Dataset content →
■ ■ ■

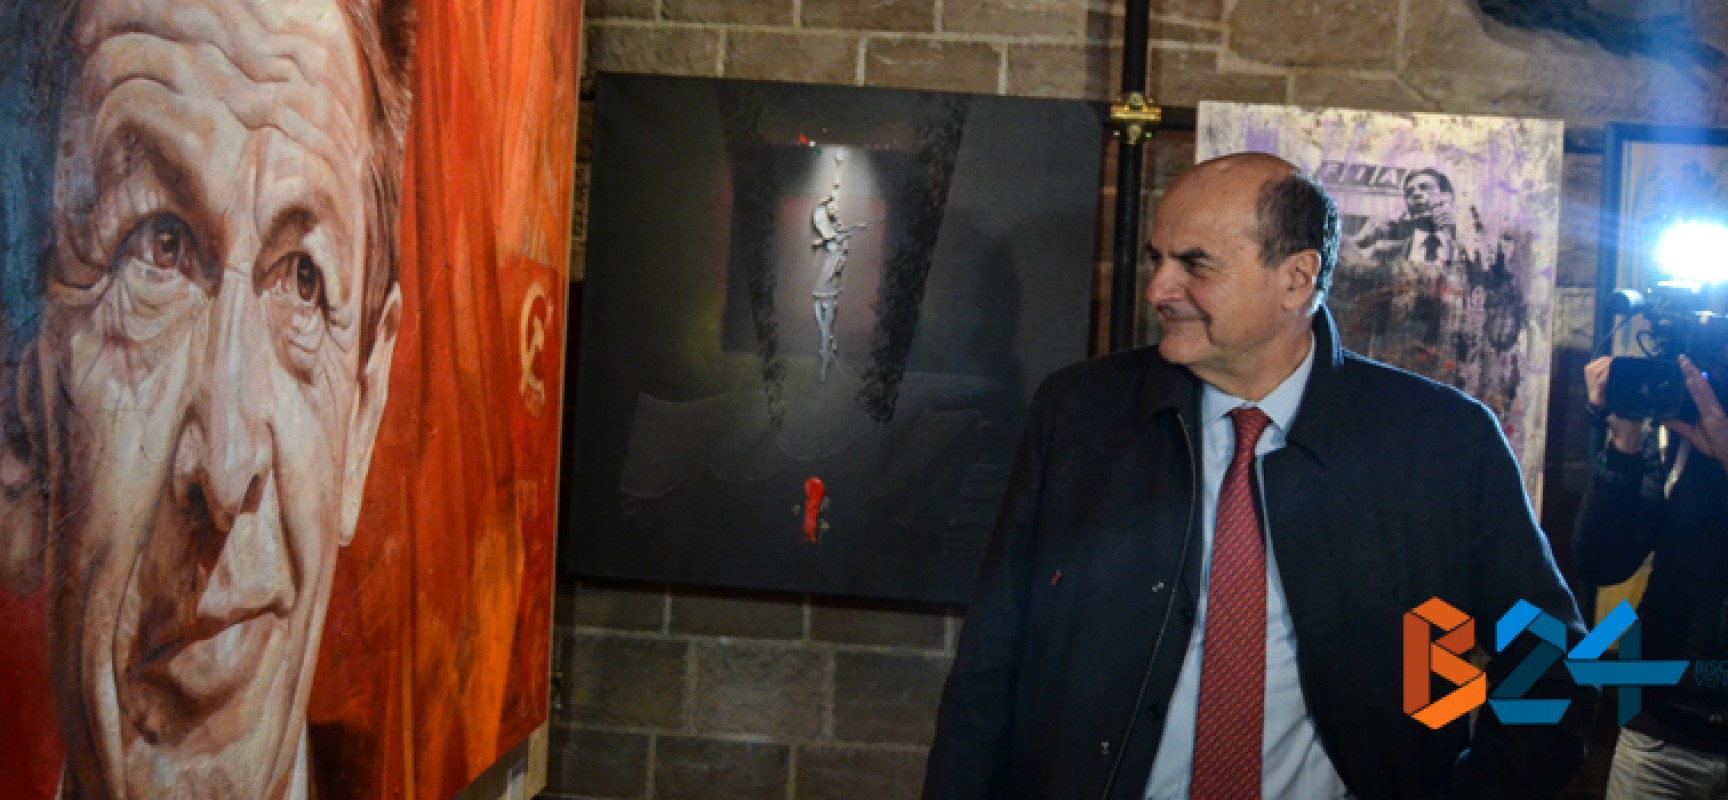 Inaugurata la mostra su Berlinguer, Bersani: “Giovani dimostrino che può esistere una politica pulita” / FOTO
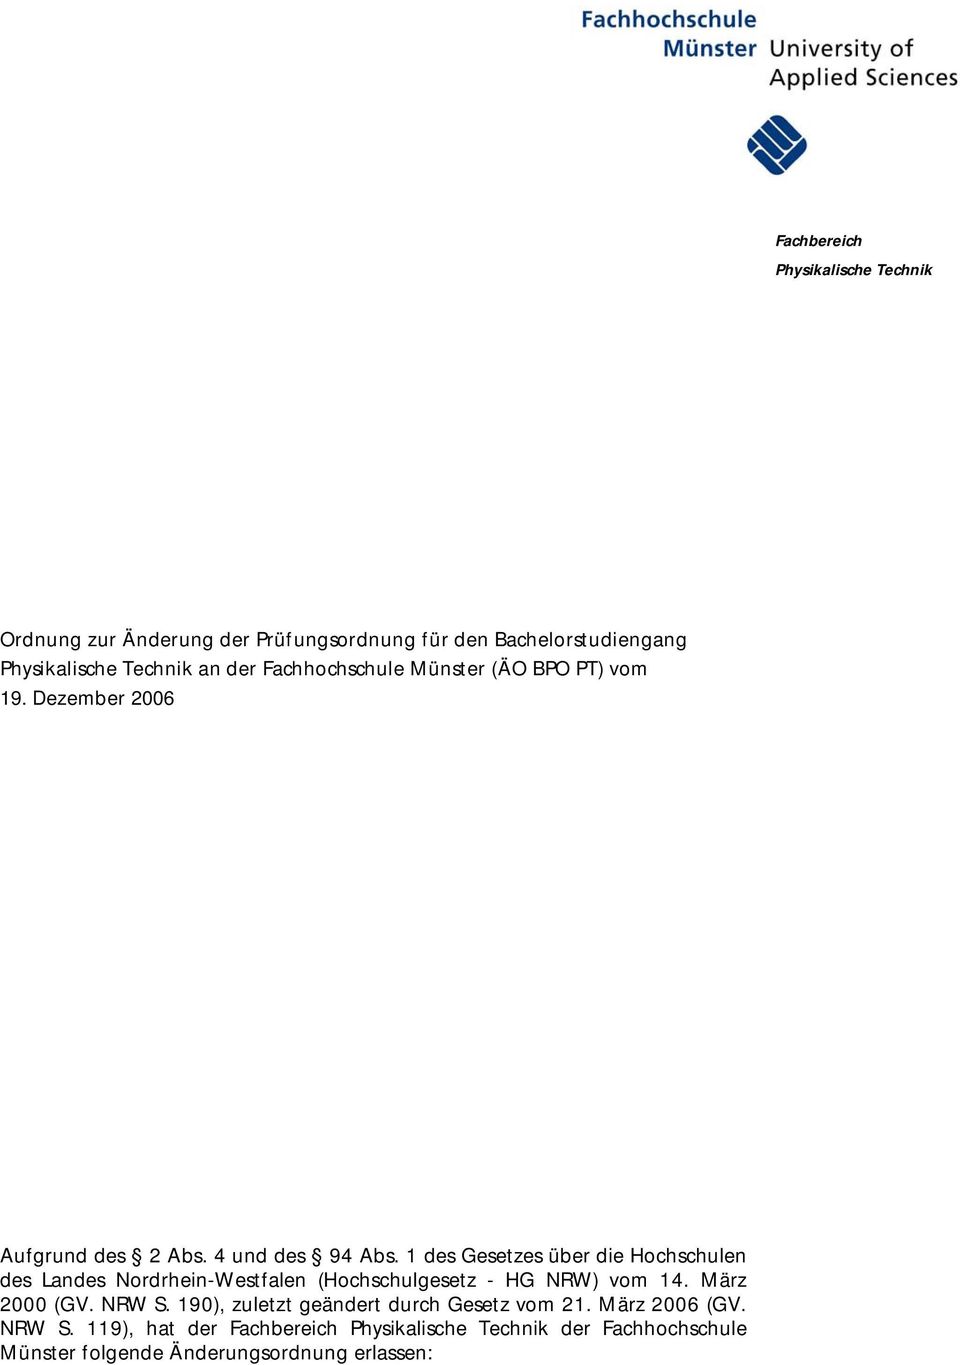 1 des Gesetzes über die Hochschulen des Landes Nordrhein-Westfalen (Hochschulgesetz - HG NRW) vom 14. März 2000 (GV. NRW S.
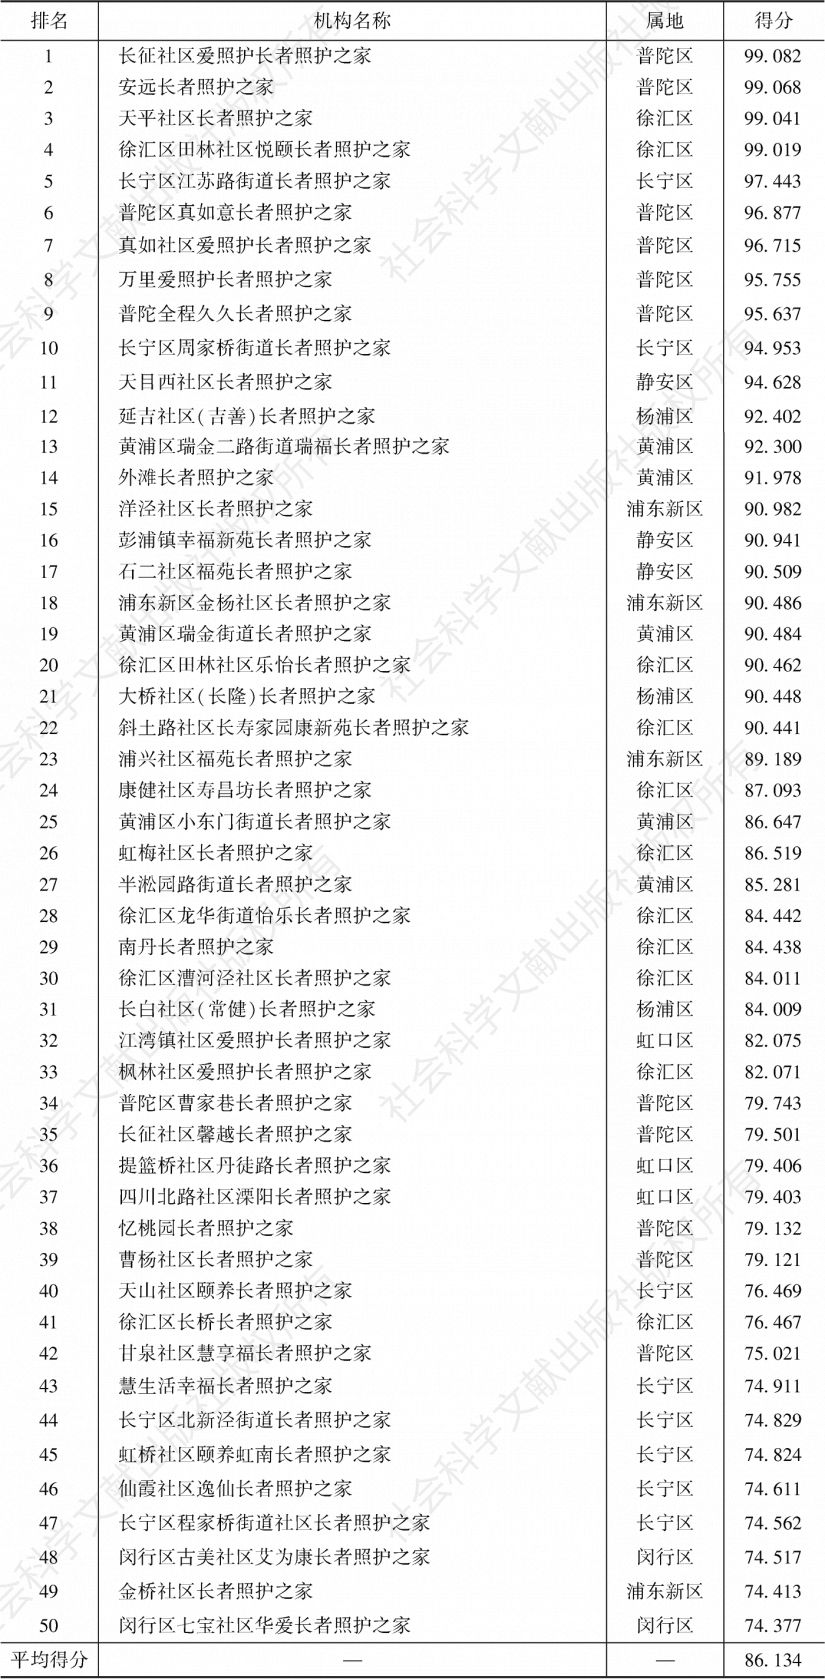 表5-24 上海市中心城区长者照护之家管理制度50强排名及得分

■ ■ ■

What this task involves →
Please output the lines from the line that holds "1 des Gesetzes" through the final line of the material above, both included. Each line must match exactly, and pictures must be excluded.

Solution for this problem →
 1 des Gesetzes über die Hochschulen des Landes Nordrhein-Westfalen (Hochschulgesetz - HG NRW) vom 14. März 2000 (GV. NRW S.
 表5-24 上海市中心城区长者照护之家管理制度50强排名及得分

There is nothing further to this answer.